Sunday, December 1, 2013

How and Why I Did It - Post-processing a Great Blue Heron picture

Today's blog is another blog on how and why I did it. First, I always shoot in raw and raw files need post-processing. Second, photography is a art and the final picture is how I visualize it in my mind's eye. Also, I hope these tips are useful for you and I hope you let me know your thoughts.

In my last blog about the Mandarin Duck, there also was a picture of a Great Blue Heron. As I looked further at that picture, it did not please me. So I did some further post-processing on it to hopefully make the picture better. At least so to me.

Location scenario: this picture was taken across Leverett Pond, part of the Emerald Necklace in Boston, at an island where this Great Blue Heron landed. Equipment was a Nikon D 7100, I Nikon 500 mm f/4 with a 1.4 converter, on a Gitzo tripod with a Mongoose Gimbal Head. Settings were 1/200 seconds at f/5/.6, ISO 400.

Here is the original photograph prior to post-processing.
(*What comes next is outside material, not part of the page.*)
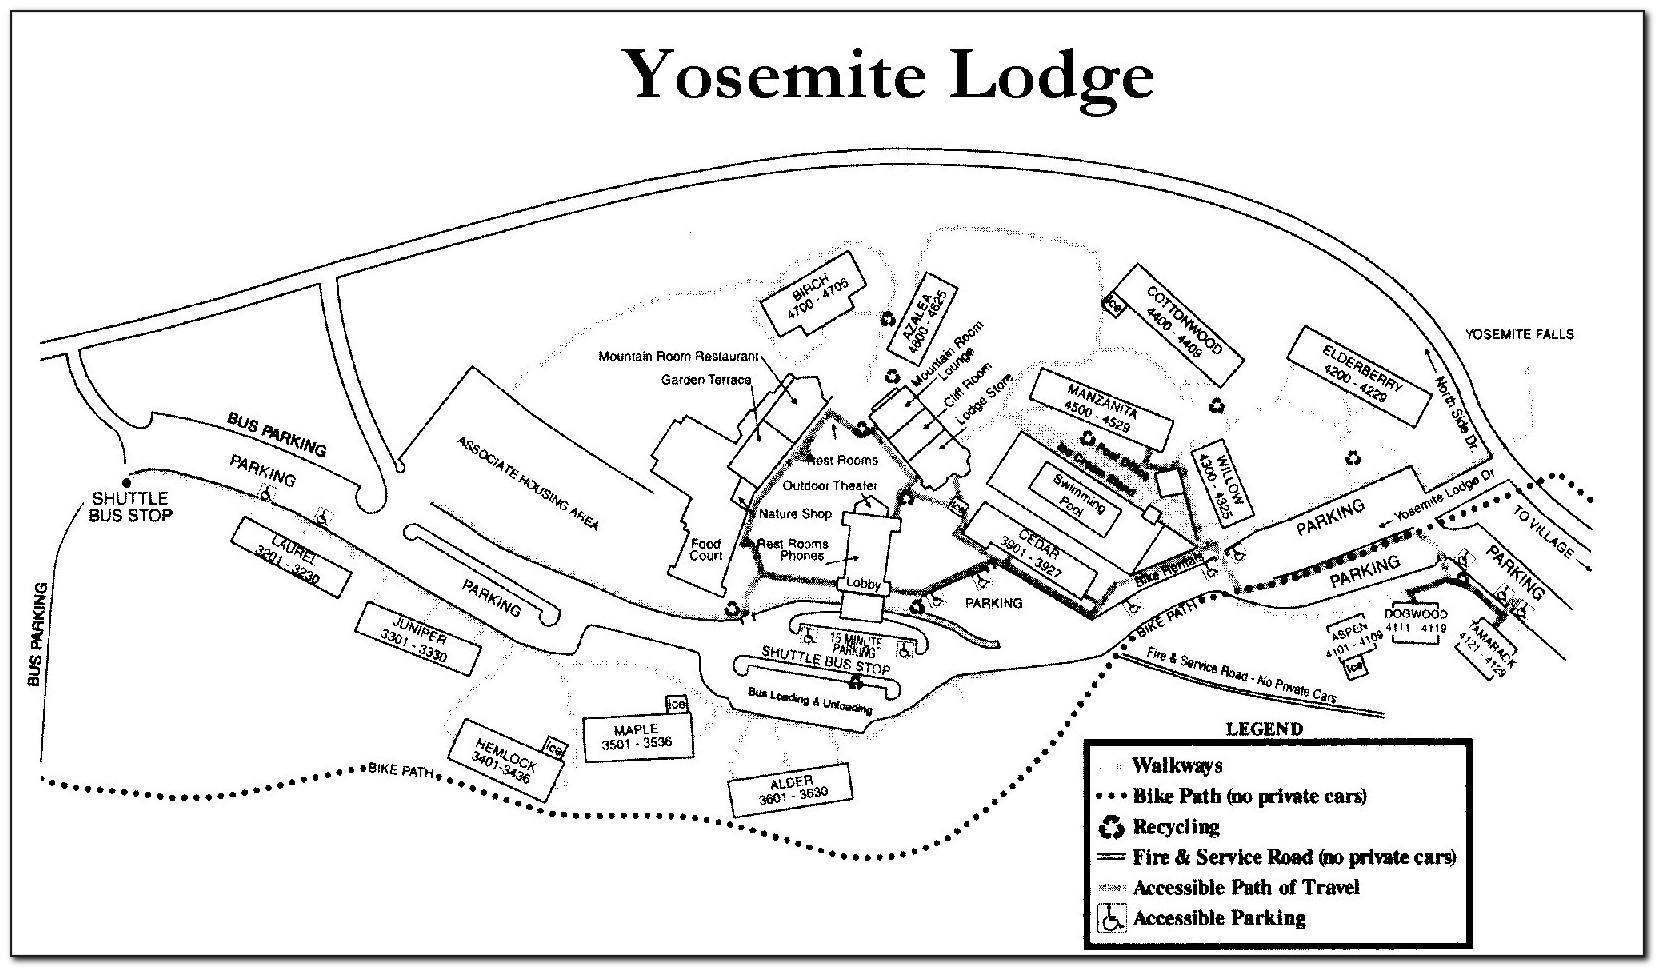 Yosemite Hotel Map

Here is the first iteration of post-processing prior to taking the picture into Topaz Clarity and returning the photo to which I posted in the previous blog.


Original Cropped

Initial Settings
 After doing my initial settings, opening Topaz Clarity and adjusting the picture I return the picture to Lightroom and did a few further adjustments by utilizing the highlights, shadows and blacks sliders plus adding a slight vignetting to the picture. This is the picture that I posted yesterday.

 Now 24 hours later, I re-looked at the photo and felt that something was missing. I I just read a blog by my friend Denise Ippolito http://deniseippolito.com/blog/2013/11/28/the-shadow-nos/ on how to adjust the blue in the shadows. here is her how to do it

“I took my image into Photoshop and duplicated the layer (Ctrl or Cmd J) I went to IMAGE> ADJUSTMENTS> HUE & SATURATION, when the dialogue box opened I selected the Blue channel from the drop down then I went to 100% saturation in the blue- this will give me a good idea if there is a lot of blue in the shadows. If there is a lot of blue in the shadows simply slide the saturation slider all the way to 20%- this will take away the blue in the shadow but it will also take blues away from other areas within your image. To fix that just add an inverse layer mask by hitting the 'alt' or ' option· key at the same time you click on the layer mask icon. Next, simply paint the shadow area with a soft brush set to white at between 80-100% opacity.”After I followed her technique and brought the image back into Lightroom from Photoshop, I still felt that the picture was missing something and decided to utilize the radio filter in Lightroom to fix the background.